═════ THE DATA ═════

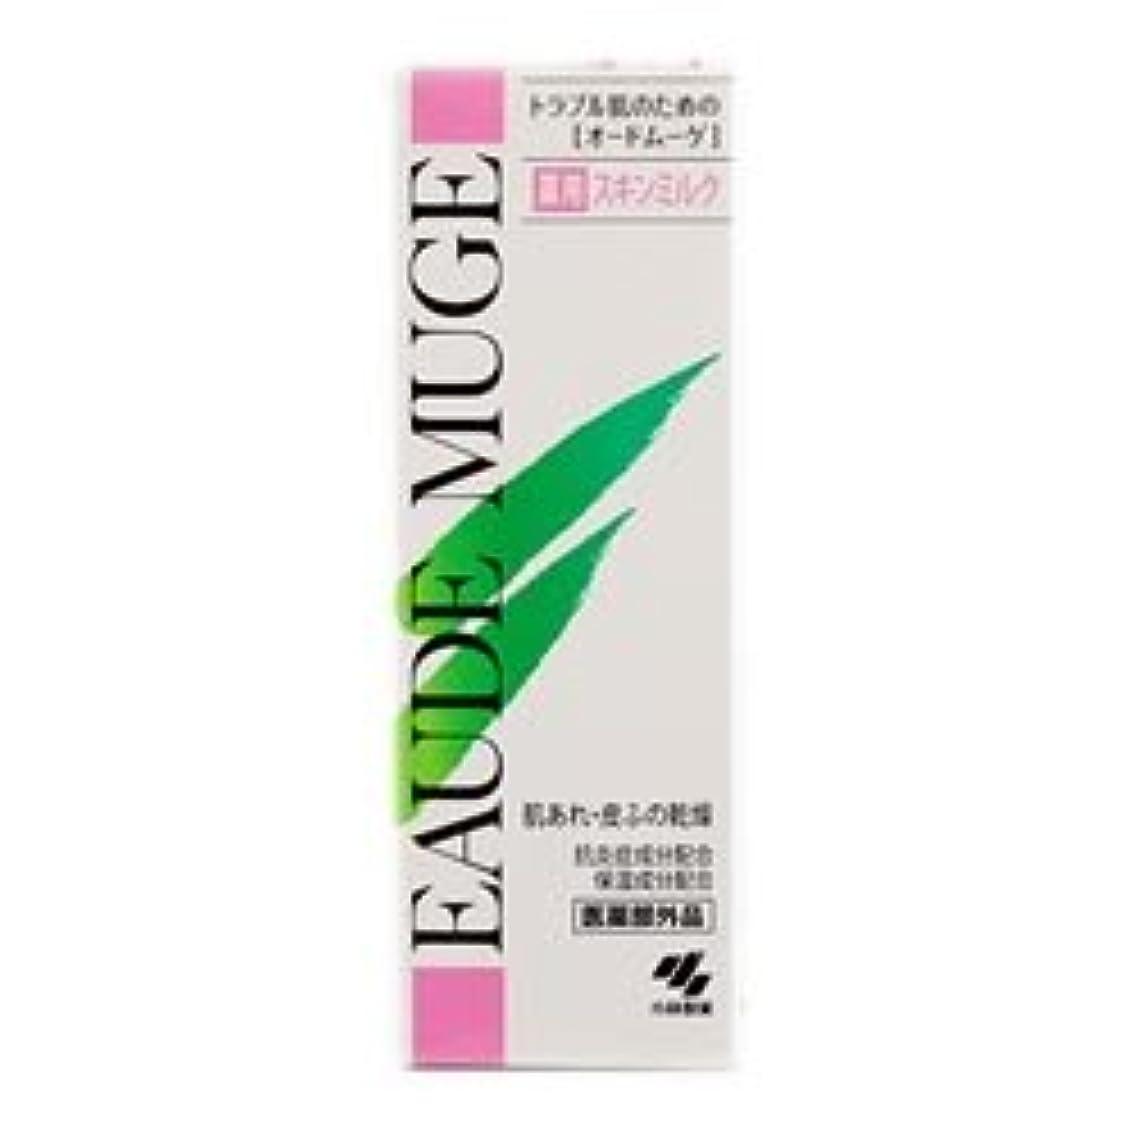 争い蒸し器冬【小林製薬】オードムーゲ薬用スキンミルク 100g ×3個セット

═════
═════ THE DATA ═════

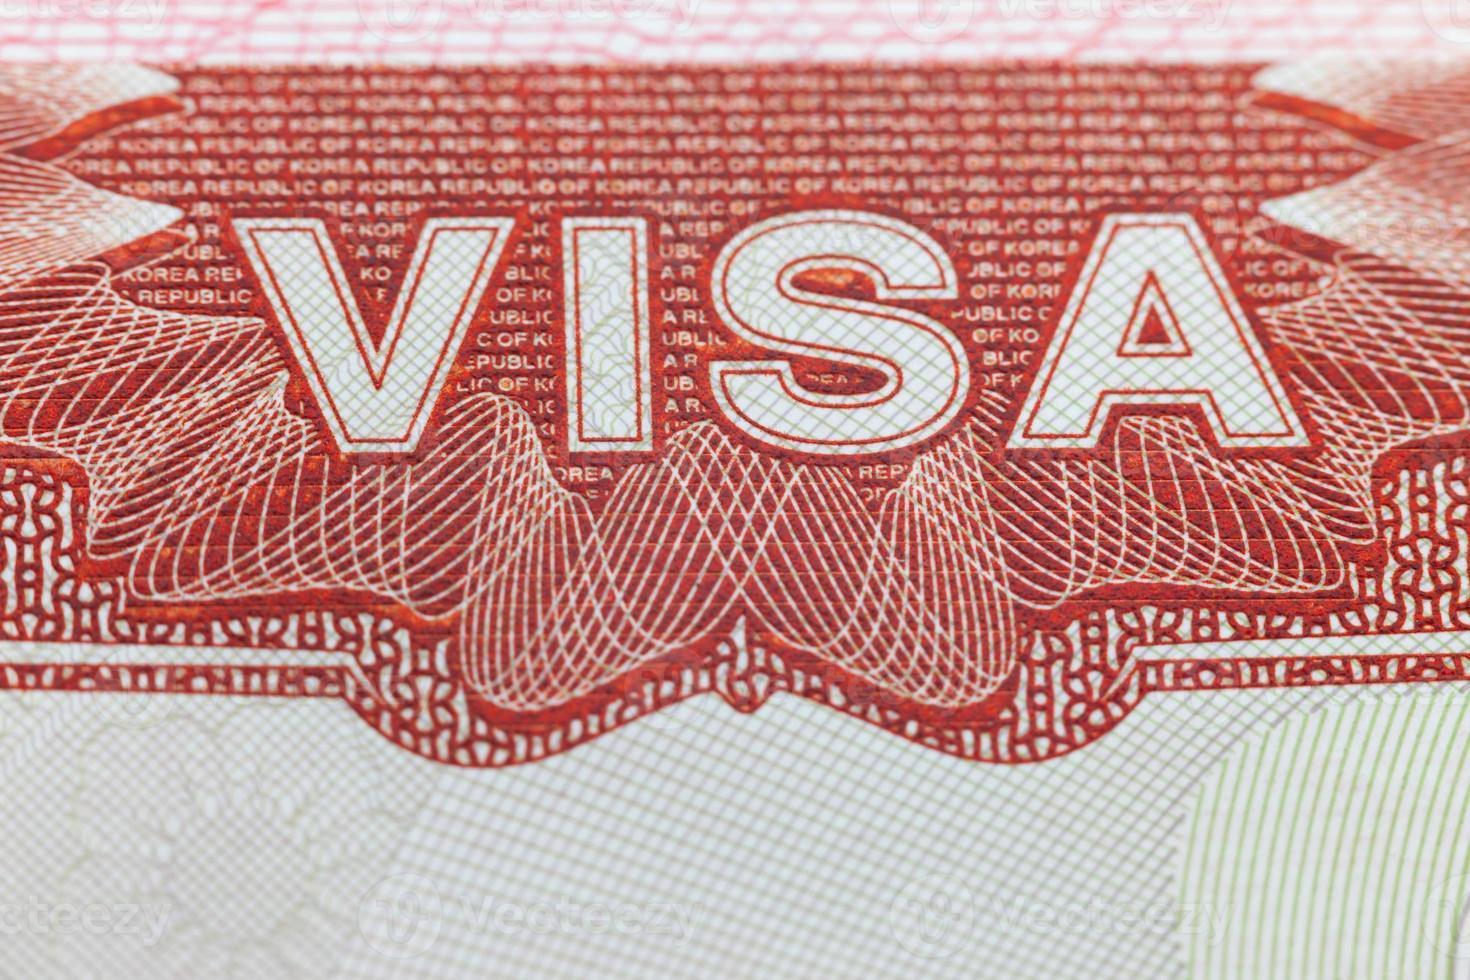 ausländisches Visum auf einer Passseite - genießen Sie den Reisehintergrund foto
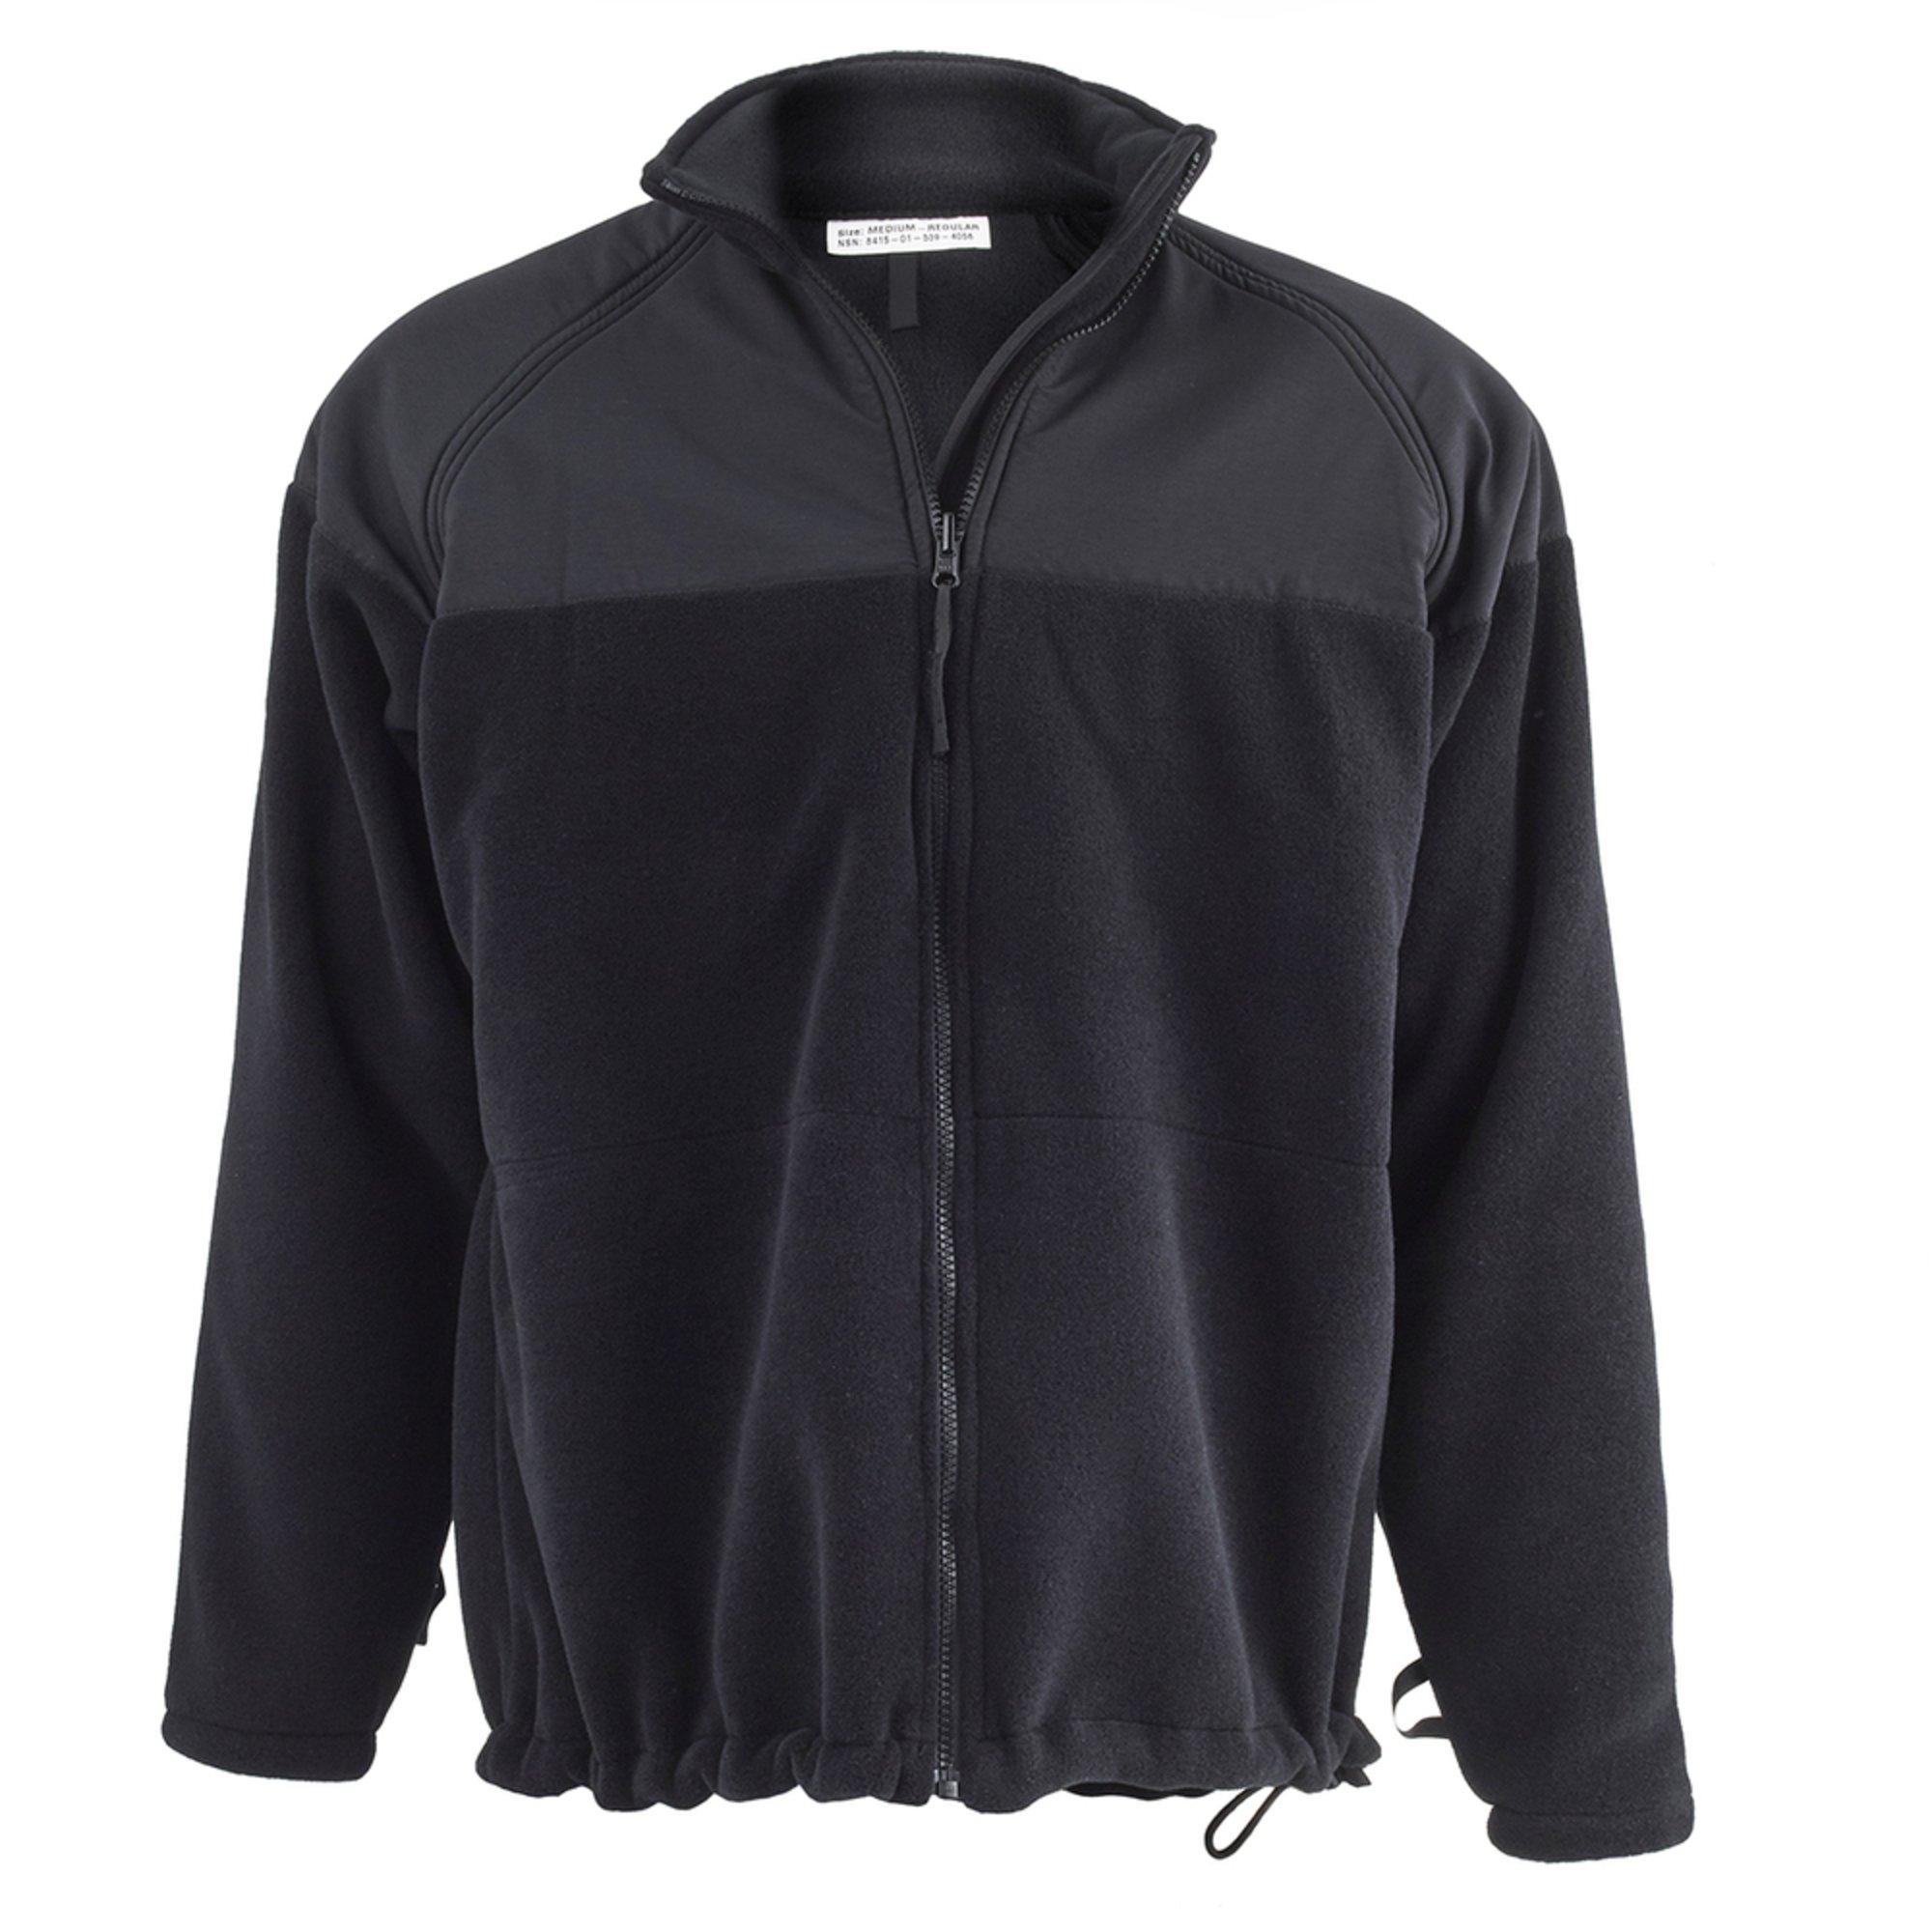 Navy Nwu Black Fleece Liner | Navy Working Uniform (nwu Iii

═════

## [TASK DESCRIPTION]
With the pictures omitted, print the lines above exactly, beginning at the line with "ausländisches Visum auf" and going on through the line with "Navy Nwu Black".

## [RESPONSE FOR THIS EXERCISE]
 ausländisches Visum auf einer Passseite - genießen Sie den Reisehintergrund foto
 Navy Nwu Black Fleece Liner | Navy Working Uniform (nwu Iii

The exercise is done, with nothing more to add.